**WORK REQUIRED:** Would you please retype, exactly, the lines of the listing below between the line with "Image of a fox using pressed flowrs" and the line with "Looking for 2964-25937", inclusive?

**SUPPLIED ENTRIES:**
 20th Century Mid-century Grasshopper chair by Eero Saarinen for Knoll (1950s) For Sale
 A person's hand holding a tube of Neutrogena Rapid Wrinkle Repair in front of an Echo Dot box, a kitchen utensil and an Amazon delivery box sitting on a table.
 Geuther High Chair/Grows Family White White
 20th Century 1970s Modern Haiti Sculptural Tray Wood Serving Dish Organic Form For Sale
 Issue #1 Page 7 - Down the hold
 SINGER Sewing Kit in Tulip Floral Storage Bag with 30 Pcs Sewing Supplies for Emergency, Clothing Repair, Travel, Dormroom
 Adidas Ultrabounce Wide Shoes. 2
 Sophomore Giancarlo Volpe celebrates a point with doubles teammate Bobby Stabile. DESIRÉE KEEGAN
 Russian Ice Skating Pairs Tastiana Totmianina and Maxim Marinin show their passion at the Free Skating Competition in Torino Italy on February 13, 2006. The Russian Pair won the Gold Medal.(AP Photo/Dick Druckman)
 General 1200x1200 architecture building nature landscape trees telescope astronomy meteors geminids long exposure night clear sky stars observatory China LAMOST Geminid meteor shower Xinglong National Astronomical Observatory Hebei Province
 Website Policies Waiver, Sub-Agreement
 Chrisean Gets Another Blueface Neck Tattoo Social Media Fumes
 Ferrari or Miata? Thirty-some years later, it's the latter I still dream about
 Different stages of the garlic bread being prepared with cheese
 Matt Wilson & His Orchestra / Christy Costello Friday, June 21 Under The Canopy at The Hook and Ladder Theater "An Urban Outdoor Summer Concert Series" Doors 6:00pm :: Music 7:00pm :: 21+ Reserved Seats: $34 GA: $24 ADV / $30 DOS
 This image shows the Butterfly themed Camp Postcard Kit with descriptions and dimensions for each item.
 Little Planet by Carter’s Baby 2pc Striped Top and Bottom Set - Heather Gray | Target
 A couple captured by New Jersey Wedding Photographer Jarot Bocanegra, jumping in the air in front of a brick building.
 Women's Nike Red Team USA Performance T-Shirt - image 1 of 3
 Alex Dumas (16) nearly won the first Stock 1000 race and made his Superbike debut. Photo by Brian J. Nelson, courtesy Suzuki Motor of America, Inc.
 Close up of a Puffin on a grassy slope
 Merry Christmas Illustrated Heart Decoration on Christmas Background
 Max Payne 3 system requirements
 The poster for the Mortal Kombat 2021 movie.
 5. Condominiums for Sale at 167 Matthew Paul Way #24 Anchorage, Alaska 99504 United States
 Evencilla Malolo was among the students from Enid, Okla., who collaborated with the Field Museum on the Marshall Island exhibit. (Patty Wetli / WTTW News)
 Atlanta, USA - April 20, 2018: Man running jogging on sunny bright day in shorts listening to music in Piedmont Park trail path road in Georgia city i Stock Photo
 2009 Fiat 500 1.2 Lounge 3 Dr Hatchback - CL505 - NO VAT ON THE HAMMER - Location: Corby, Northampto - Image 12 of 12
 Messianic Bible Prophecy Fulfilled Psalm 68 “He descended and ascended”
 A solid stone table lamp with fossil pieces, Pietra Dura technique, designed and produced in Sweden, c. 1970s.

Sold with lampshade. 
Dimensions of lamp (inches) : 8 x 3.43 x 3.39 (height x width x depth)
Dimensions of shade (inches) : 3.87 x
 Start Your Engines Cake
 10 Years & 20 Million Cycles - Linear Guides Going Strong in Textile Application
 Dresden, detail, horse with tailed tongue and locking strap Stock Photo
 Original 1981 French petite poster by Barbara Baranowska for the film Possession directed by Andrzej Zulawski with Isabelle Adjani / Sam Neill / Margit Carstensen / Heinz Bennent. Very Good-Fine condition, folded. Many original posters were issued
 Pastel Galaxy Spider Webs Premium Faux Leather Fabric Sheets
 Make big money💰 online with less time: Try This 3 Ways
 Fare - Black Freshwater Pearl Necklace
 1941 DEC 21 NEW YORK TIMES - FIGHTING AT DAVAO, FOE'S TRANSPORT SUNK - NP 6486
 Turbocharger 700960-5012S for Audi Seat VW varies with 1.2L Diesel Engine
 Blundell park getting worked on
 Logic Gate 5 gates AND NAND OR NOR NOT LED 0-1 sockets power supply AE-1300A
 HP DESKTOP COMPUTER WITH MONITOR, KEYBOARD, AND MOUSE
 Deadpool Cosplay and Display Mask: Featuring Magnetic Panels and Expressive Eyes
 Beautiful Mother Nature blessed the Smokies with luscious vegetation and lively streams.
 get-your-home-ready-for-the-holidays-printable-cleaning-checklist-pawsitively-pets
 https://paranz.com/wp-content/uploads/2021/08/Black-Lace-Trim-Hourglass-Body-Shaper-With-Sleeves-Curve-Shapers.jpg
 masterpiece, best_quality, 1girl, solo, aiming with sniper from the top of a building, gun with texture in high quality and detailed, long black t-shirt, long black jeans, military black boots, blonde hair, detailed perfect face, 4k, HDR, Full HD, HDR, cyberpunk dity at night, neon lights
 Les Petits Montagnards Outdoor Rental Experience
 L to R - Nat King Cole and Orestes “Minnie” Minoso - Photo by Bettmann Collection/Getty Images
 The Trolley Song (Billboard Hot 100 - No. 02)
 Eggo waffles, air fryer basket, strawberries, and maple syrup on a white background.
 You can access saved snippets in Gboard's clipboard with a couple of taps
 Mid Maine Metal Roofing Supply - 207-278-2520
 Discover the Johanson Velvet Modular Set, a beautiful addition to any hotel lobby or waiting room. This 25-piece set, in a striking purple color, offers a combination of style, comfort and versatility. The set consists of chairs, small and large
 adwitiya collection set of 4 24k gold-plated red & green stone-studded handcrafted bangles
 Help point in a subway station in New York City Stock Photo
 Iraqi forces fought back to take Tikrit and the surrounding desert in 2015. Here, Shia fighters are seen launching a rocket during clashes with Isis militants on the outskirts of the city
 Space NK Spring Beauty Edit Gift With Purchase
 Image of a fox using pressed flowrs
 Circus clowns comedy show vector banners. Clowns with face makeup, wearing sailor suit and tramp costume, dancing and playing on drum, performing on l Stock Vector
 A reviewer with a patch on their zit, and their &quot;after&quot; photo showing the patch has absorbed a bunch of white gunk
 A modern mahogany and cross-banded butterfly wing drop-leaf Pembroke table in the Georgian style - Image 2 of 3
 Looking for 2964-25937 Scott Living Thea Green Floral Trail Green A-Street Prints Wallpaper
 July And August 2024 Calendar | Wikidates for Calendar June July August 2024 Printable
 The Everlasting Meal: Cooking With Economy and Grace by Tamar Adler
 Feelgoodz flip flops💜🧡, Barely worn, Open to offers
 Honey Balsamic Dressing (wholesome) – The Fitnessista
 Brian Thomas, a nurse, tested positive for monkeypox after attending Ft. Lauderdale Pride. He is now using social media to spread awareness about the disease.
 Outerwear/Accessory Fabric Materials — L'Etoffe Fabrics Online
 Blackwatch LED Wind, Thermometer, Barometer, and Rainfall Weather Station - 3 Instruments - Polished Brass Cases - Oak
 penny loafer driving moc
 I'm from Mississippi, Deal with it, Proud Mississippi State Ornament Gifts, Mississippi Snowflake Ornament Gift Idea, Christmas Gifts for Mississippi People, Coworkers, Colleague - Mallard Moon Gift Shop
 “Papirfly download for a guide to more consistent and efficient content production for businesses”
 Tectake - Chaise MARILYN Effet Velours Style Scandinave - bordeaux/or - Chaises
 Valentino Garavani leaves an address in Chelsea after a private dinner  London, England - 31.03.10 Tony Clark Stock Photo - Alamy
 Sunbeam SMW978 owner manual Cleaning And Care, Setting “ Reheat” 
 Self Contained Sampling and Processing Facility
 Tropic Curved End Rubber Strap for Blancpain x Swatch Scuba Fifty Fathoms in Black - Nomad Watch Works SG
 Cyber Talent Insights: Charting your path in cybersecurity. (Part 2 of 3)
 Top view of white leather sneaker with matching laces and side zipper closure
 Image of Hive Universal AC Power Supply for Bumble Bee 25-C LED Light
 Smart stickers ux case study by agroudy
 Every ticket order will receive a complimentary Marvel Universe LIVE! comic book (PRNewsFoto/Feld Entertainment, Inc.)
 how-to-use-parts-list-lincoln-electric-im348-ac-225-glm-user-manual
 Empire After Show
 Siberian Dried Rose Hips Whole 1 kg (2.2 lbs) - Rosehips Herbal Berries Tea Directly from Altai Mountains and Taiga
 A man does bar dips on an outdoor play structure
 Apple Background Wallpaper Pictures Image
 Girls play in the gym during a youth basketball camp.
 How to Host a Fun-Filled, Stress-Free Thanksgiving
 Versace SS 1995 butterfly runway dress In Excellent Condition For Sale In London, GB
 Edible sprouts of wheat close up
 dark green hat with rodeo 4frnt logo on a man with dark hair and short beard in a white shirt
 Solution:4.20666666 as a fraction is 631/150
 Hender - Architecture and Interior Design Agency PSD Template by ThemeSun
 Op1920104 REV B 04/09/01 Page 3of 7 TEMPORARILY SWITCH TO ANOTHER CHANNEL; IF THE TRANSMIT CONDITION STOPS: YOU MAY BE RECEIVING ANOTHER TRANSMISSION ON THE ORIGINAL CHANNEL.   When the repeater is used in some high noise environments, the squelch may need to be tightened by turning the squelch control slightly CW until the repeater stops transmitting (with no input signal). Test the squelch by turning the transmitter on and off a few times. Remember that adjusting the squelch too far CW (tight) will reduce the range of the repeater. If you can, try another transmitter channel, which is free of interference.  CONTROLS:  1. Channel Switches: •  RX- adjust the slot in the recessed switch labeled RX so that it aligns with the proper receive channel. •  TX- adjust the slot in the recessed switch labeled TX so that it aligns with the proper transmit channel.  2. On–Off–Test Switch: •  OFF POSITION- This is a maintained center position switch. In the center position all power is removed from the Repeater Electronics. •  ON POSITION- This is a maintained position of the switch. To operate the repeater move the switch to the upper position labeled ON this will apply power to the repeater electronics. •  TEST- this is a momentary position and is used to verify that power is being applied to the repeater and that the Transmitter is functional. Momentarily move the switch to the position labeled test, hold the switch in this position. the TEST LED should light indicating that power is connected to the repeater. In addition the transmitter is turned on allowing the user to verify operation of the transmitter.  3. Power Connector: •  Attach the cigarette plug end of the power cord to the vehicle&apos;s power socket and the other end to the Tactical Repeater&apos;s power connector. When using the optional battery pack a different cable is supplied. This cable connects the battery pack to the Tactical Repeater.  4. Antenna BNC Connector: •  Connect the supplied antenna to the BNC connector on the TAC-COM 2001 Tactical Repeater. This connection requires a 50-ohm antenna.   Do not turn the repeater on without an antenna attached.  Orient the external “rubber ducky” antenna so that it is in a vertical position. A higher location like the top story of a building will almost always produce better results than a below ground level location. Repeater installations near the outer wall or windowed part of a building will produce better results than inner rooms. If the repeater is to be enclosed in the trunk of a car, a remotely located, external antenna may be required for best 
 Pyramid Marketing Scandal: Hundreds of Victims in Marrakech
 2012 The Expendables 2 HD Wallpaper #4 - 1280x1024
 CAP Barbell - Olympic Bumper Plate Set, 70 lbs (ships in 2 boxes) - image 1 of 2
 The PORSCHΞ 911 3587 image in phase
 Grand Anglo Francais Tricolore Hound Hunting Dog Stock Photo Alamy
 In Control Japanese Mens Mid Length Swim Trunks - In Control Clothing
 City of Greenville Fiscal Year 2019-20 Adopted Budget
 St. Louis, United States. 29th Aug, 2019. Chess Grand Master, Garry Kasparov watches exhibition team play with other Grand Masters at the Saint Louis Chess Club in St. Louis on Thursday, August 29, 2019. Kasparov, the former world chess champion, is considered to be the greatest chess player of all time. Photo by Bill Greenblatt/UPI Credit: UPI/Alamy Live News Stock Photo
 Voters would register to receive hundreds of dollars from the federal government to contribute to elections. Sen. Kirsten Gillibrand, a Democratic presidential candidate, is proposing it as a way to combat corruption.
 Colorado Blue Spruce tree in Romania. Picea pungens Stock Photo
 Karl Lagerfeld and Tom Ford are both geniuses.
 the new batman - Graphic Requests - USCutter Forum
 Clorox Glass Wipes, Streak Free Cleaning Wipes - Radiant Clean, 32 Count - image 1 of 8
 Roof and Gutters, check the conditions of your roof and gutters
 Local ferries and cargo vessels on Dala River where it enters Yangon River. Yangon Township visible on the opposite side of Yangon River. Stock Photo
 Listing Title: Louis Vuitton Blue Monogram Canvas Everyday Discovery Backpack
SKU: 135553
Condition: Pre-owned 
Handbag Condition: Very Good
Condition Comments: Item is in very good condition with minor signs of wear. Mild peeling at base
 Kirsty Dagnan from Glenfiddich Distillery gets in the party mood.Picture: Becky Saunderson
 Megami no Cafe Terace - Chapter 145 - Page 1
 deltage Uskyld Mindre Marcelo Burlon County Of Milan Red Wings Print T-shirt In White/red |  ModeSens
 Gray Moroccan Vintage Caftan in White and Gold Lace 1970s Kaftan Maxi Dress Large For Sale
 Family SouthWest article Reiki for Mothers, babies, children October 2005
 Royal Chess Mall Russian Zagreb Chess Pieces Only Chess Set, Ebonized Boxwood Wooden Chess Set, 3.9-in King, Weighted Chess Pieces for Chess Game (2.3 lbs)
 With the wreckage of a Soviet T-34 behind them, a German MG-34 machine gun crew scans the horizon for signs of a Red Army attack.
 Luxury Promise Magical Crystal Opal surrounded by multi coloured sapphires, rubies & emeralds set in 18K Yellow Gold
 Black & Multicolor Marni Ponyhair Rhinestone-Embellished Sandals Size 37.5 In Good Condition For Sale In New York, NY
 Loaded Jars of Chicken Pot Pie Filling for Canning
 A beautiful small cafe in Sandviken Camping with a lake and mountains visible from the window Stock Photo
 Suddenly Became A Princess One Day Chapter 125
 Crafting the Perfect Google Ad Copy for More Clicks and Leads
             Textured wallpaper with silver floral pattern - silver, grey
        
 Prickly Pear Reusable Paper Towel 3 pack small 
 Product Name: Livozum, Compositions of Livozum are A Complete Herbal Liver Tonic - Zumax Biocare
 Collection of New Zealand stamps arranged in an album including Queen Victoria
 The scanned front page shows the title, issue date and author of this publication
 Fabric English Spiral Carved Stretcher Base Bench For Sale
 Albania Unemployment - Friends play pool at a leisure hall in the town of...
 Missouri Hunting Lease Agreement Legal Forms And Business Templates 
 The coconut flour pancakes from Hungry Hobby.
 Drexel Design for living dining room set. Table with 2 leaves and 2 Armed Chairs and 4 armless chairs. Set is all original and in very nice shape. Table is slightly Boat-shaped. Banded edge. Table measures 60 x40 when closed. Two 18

**ANSWER BELOW:**
 Image of a fox using pressed flowrs
 Circus clowns comedy show vector banners. Clowns with face makeup, wearing sailor suit and tramp costume, dancing and playing on drum, performing on l Stock Vector
 A reviewer with a patch on their zit, and their &quot;after&quot; photo showing the patch has absorbed a bunch of white gunk
 A modern mahogany and cross-banded butterfly wing drop-leaf Pembroke table in the Georgian style - Image 2 of 3
 Looking for 2964-25937 Scott Living Thea Green Floral Trail Green A-Street Prints Wallpaper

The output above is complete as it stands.